Scalable GPU Instances for Deep Learning Models on AWS EC2

Question

Pulumi · Accepted Answer

To create scalable GPU instances for deep learning models on AWS EC2, you'll need to choose an appropriate instance type that offers GPU support and use an AMI that's optimized for machine learning. AWS provides several EC2 instance types that are equipped with GPUs, such as the `p3` and `g4` instance types.

Here’s a high-level overview of what you typically do:

1. **Select a GPU Instance Type**: For deep learning, you can use the `p3` or `g4` instance types which are optimized for compute-intensive workloads and come with NVIDIA GPUs.
   
2. **Choose a Machine Learning AMI**: Amazon provides AMIs that are pre-installed with popular deep learning frameworks such as TensorFlow, PyTorch, and MXNet.

3. **Create a Launch Configuration or Launch Template**: This defines the instance type, AMI, and other configurations like Security Groups.
   
4. **Configure Auto Scaling**: This allows your EC2 instances to scale based on demand, and you can define the minimum, maximum, and desired capacity.

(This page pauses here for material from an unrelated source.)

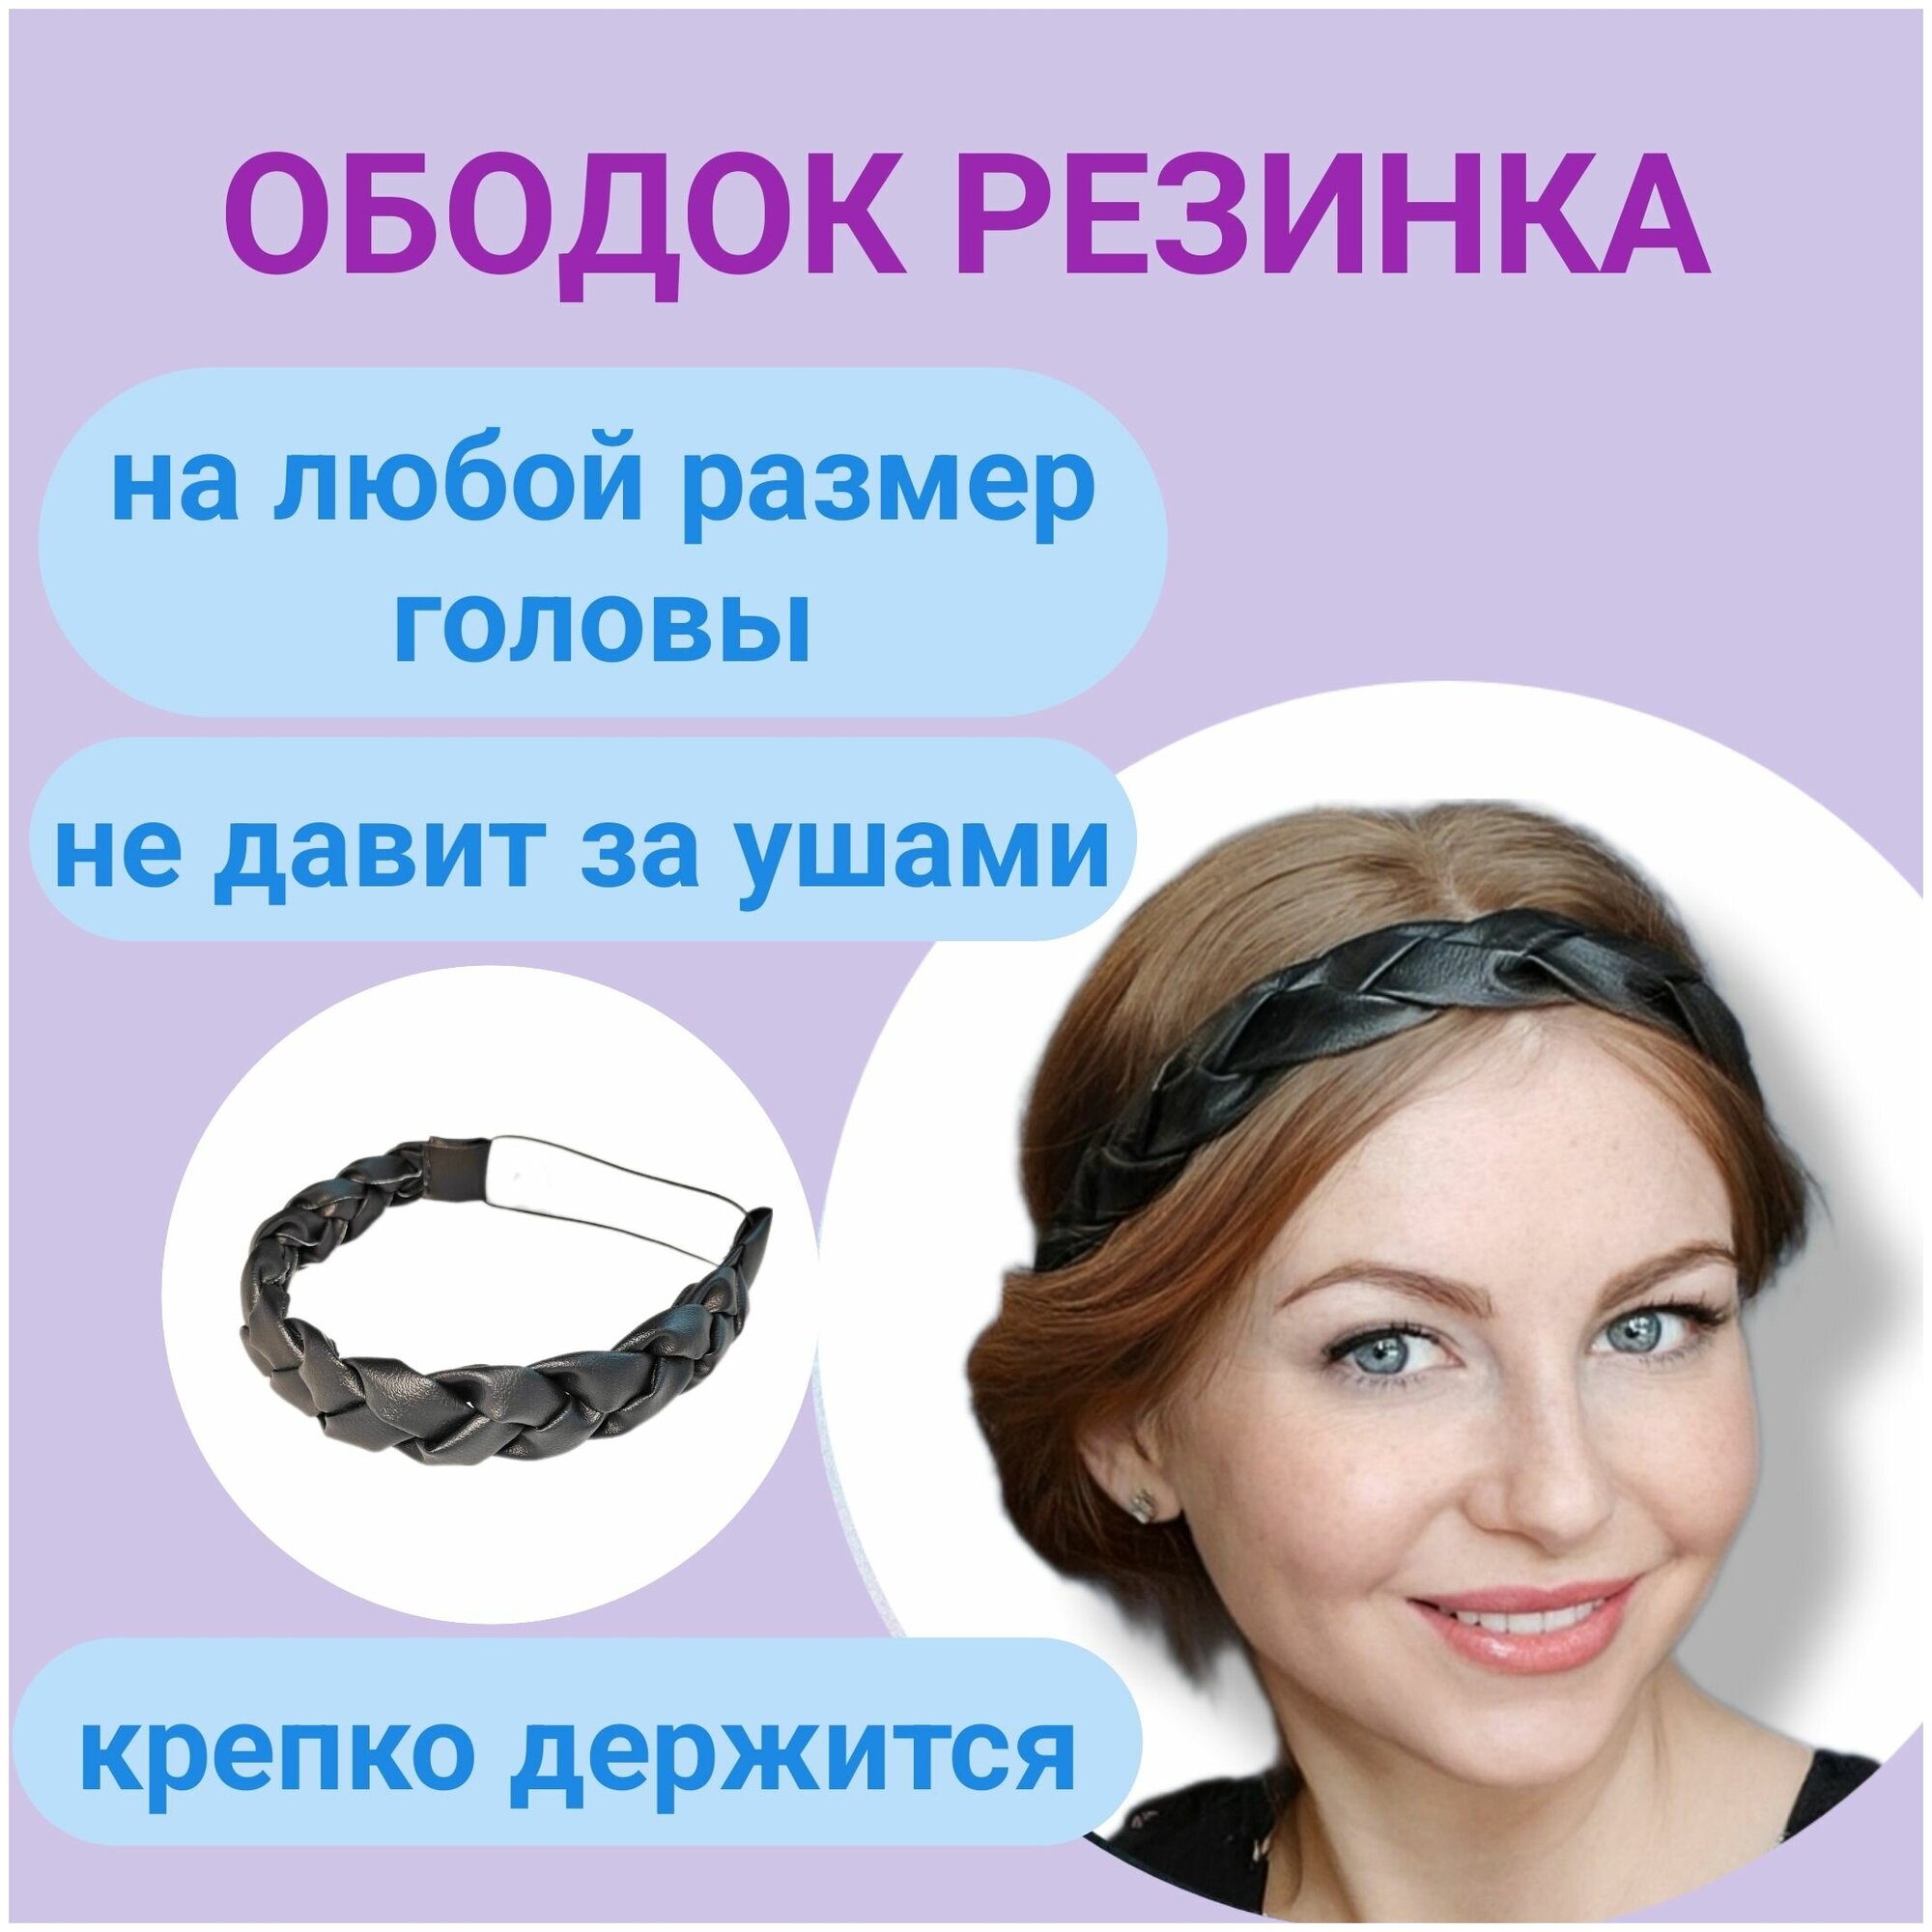 Ободок-резинка для волос женский, ободок косичка на резинке для греческой прически, ободок косичка на резинке -1 шт.

5. **Create an Auto Scaling Group**: This uses the Launch Configuration to create instances and manage scaling policies.

Now, let's write the Pulumi code that accomplishes this. The following program will create an Auto Scaling Group with GPU instances suitable for deep learning:

```python
import pulumi
import pulumi_aws as aws

# Select a GPU instance type
gpu_instance_type = "p3.2xlarge"  # This type is suitable for general-purpose GPU computing.

# Choose an AMI that is optimized for deep learning. This ID should be for an AMI that is pre-installed with deep learning frameworks.
machine_learning_ami_id = "ami-1234567890abcdefg"

# Define a Security Group that allows SSH access
secgroup = aws.ec2.SecurityGroup('secgroup',
    description='Allow SSH inbound',
    ingress=[
        {
            'protocol': 'tcp',
            'from_port': 22,
            'to_port': 22,
            'cidr_blocks': ['0.0.0.0/0'],
        }
    ],
    egress=[
        {'protocol': '-1', 'from_port': 0, 'to_port': 0, 'cidr_blocks': ['0.0.0.0/0']},
    ]
)

# Create a Launch Template
launch_template = aws.ec2.LaunchTemplate('launch-template',
    image_id=machine_learning_ami_id,
    instance_type=gpu_instance_type,
    key_name='my-key-pair',  # Make sure you've created a key pair
    security_group_ids=[secgroup.id],
    tag_specifications=[{
        'resourceType': 'instance',
        'tags': {
            'Name': 'DeepLearningGPU',
        },
    }],
)

# Configure Auto Scaling Group using the launch template
auto_scaling_group = aws.autoscaling.Group('auto-scaling-group',
    launch_template={
        'id': launch_template.id,
        'version': "$Latest",
    },
    vpc_zone_identifiers=['subnet-12345', 'subnet-67890'],  # Replace with your subnet IDs
    desired_capacity=2,
    min_size=1,
    max_size=10,
)

pulumi.export('asg_name', auto_scaling_group.name)
```

In this program, we're doing the following:

- Defining a GPU instance type (`p3.2xlarge`) which is suitable for deep learning tasks.
- Providing an AMI ID for a deep learning AMI to be used with the instance. Please replace `'ami-1234567890abcdefg'` with a valid deep learning AMI ID.
- Creating a Security Group `secgroup` that allows SSH access. This will enable you to connect to the instance remotely for any manual configurations or monitoring.
- Creating a Launch Template `launch_template` that specifies the instance type, AMI, and Security Group. This includes a key pair name for SSH access, which you should have already set up in your AWS account.
- Using the `auto_scaling_group` resource to create an Auto Scaling Group which references the launch template. The group is configured to start with a desired capacity of 2 instances and can scale out to 10 instances or scale in to 1 instance as needed. Replace the `vpc_zone_identifiers` with the actual subnet IDs of your VPC where the instances should be launched.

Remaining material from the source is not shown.